COLLECTED MATERIAL:
------------------------------------------------------------------------
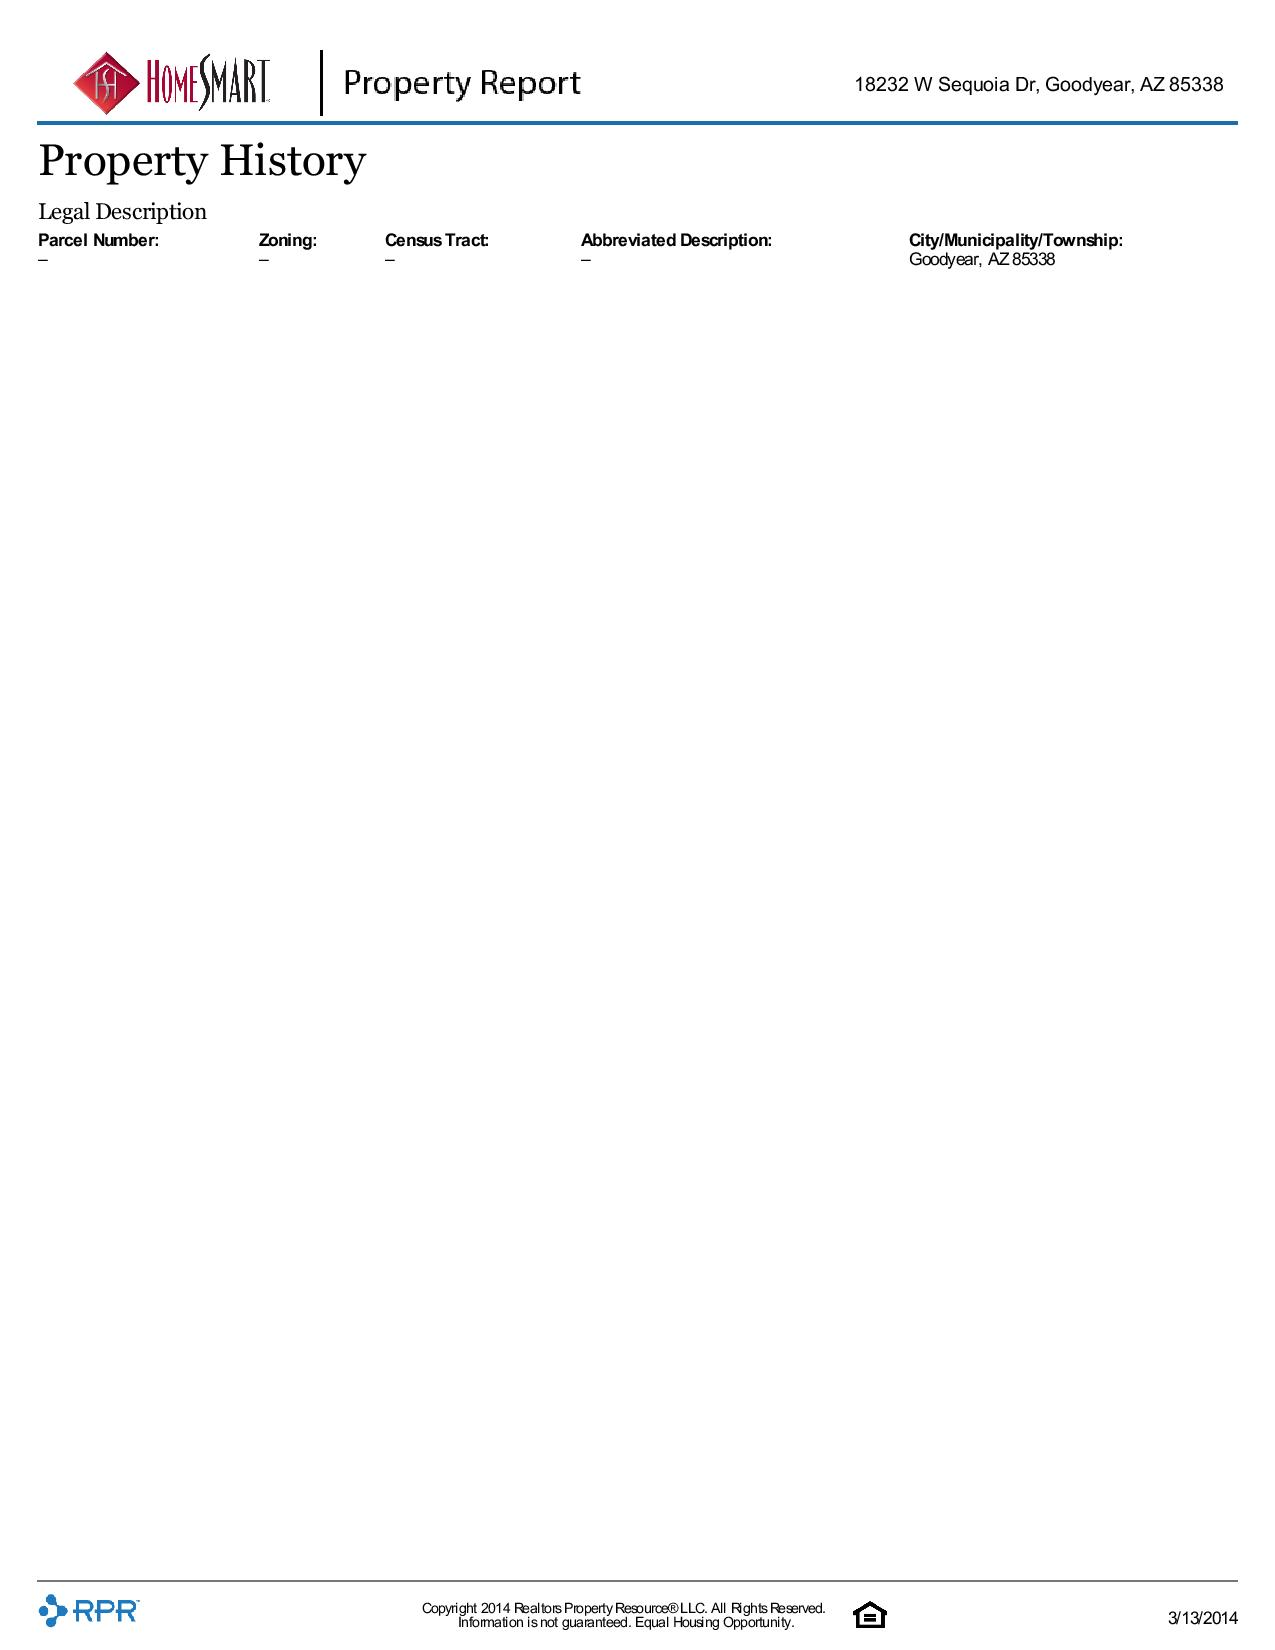 18232-W-Sequoia-Dr-Goodyear-AZ-85338-page-006
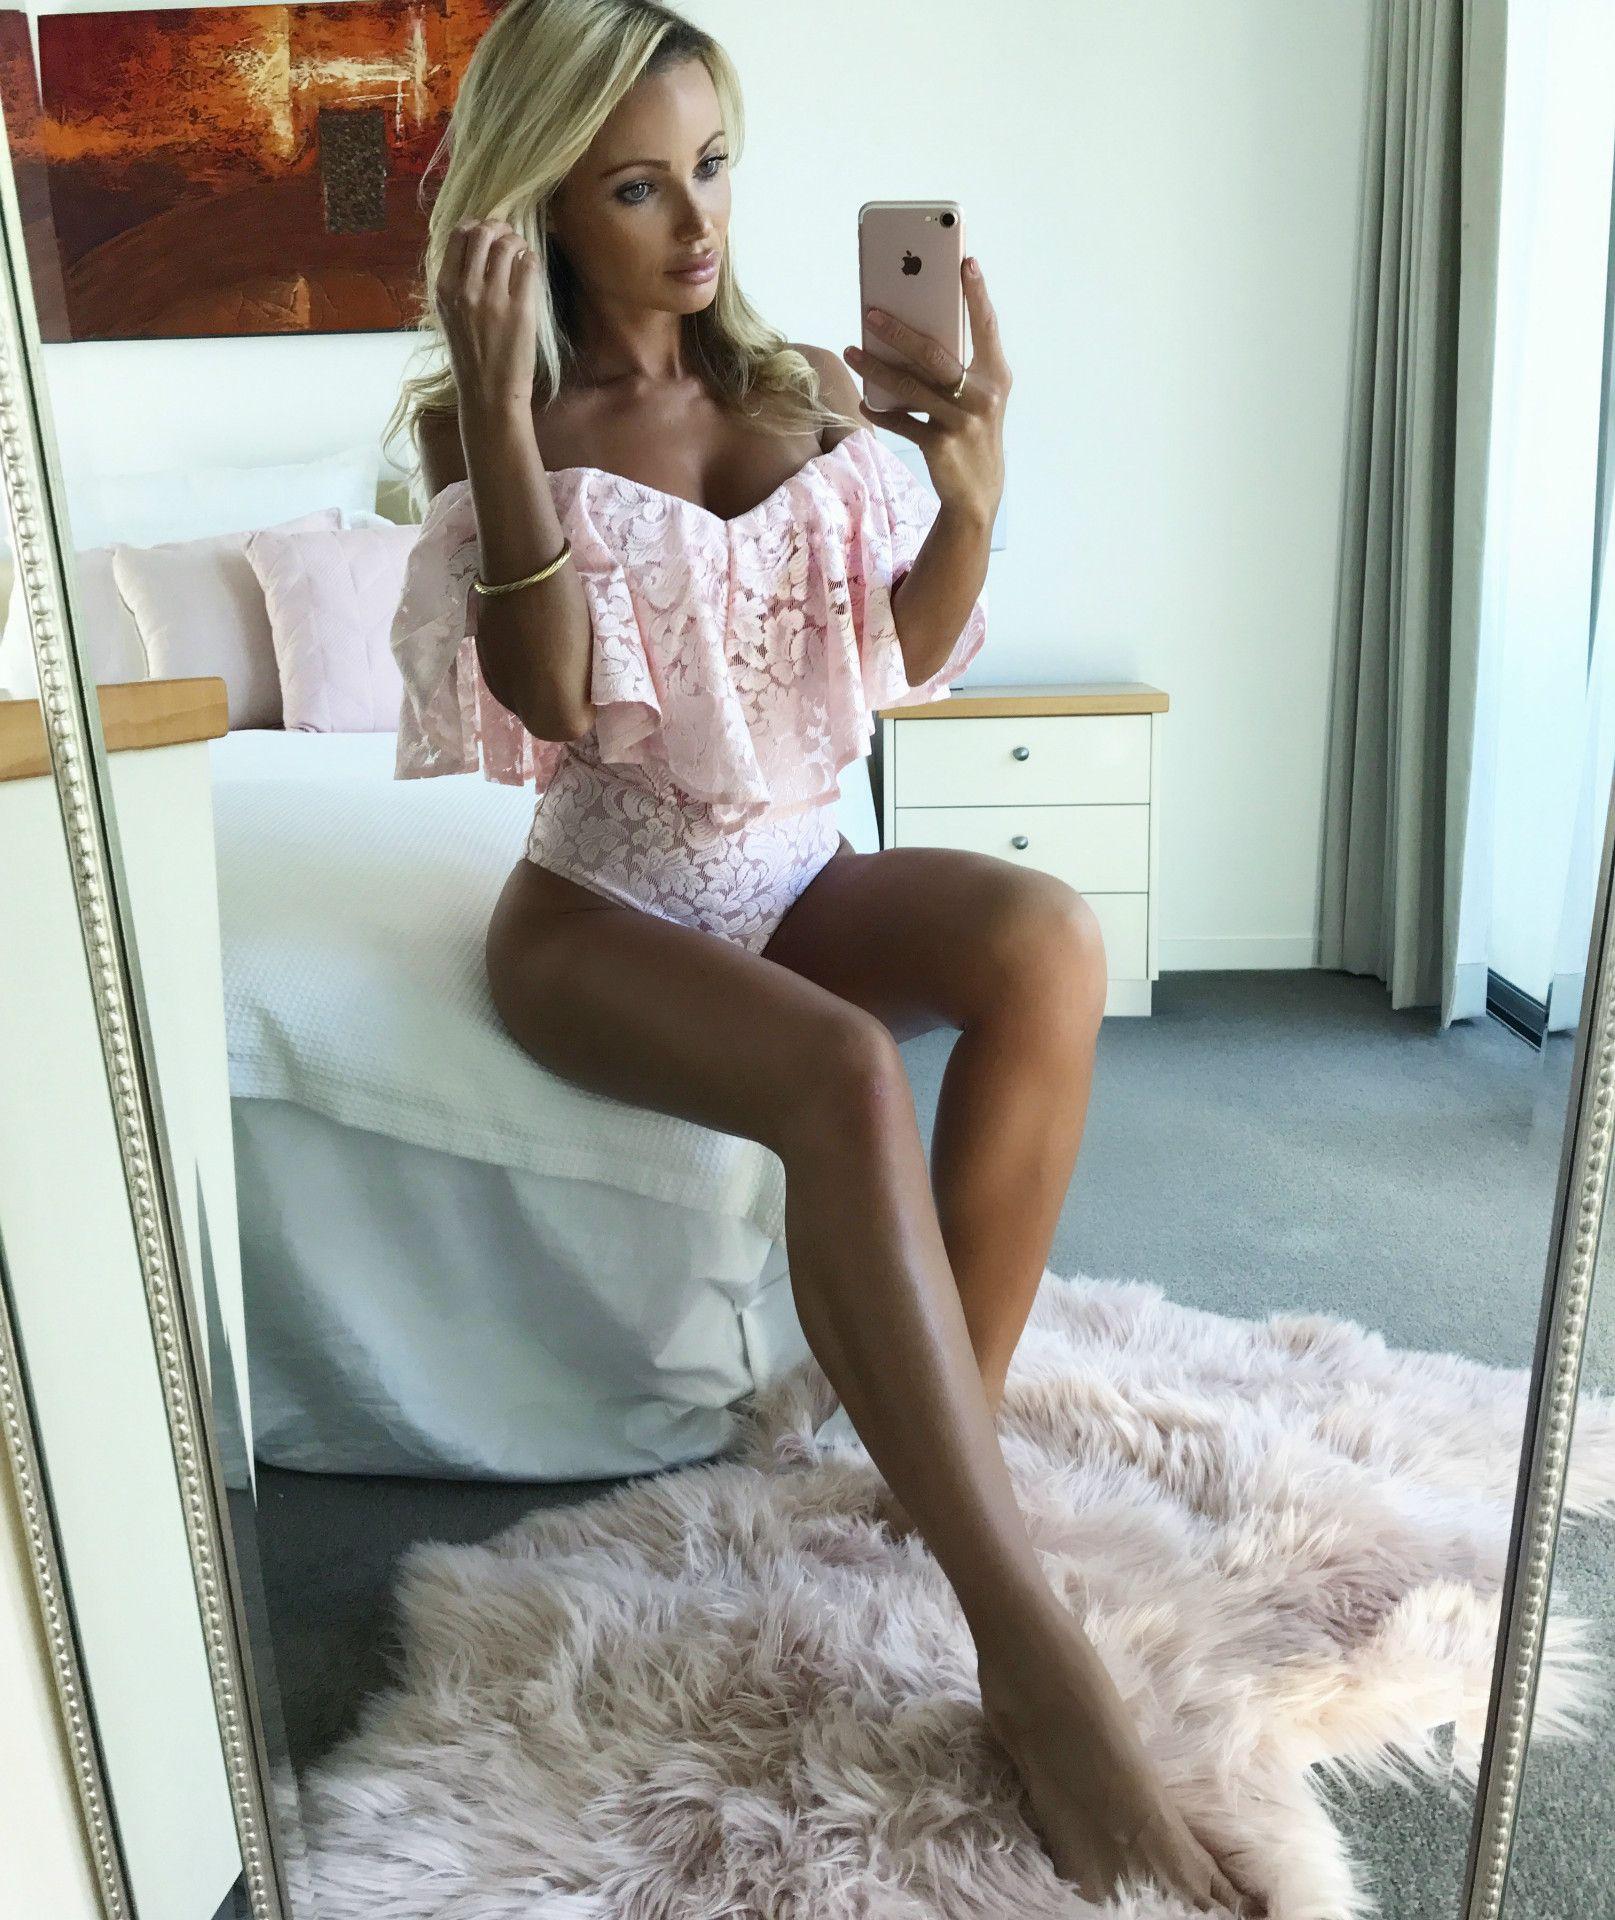 Summer Lace Floral Jumpsuits Women Slash-Neck Sleeveless Curve Ruffle Design Bodysuit High Waist Women TOP Shaper Clothing S-XL Size
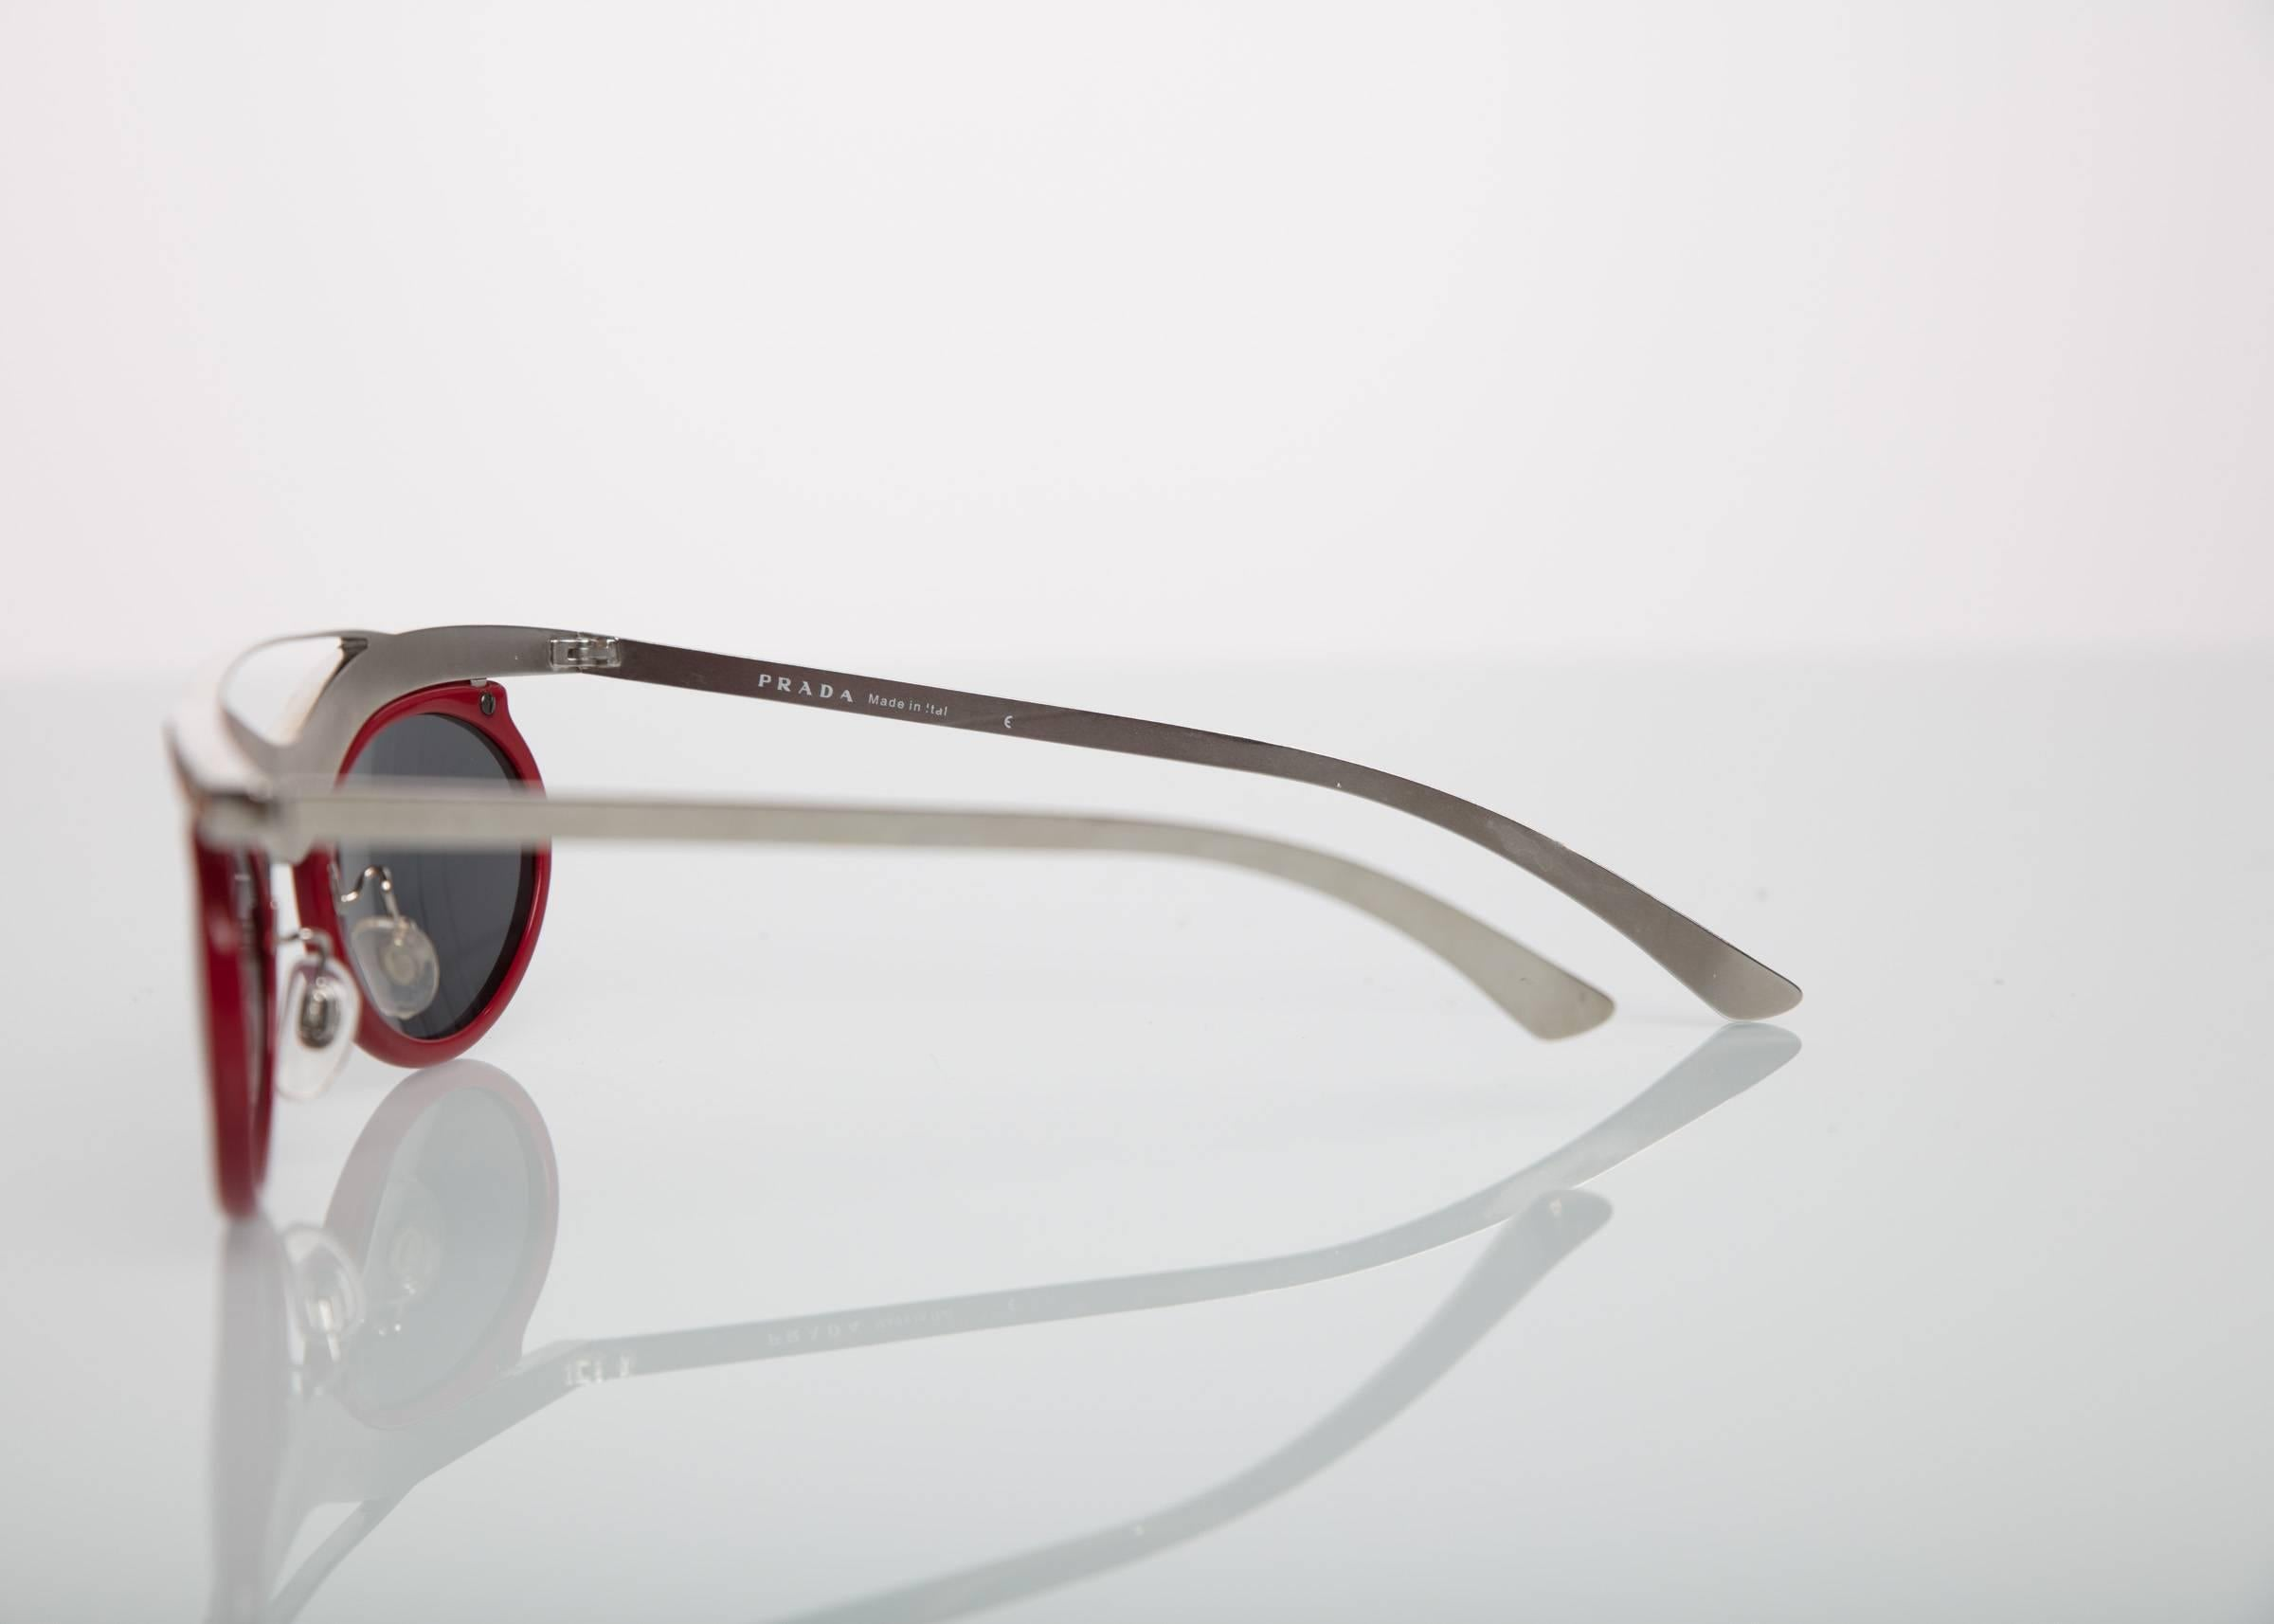 405a1bb6c50e where to buy 2012 prada runway red cat eye amber crystal sunglasses for sale  2 bdb25
------------------------------------------------------------------------
Leave out the pictures, then reproduce exactly the run of lines from the one that contains "Summer Lace Floral" to the final line of the listing above.

SOLUTION TO THIS PROBLEM:
 Summer Lace Floral Jumpsuits Women Slash-Neck Sleeveless Curve Ruffle Design Bodysuit High Waist Women TOP Shaper Clothing S-XL Size
 405a1bb6c50e where to buy 2012 prada runway red cat eye amber crystal sunglasses for sale  2 bdb25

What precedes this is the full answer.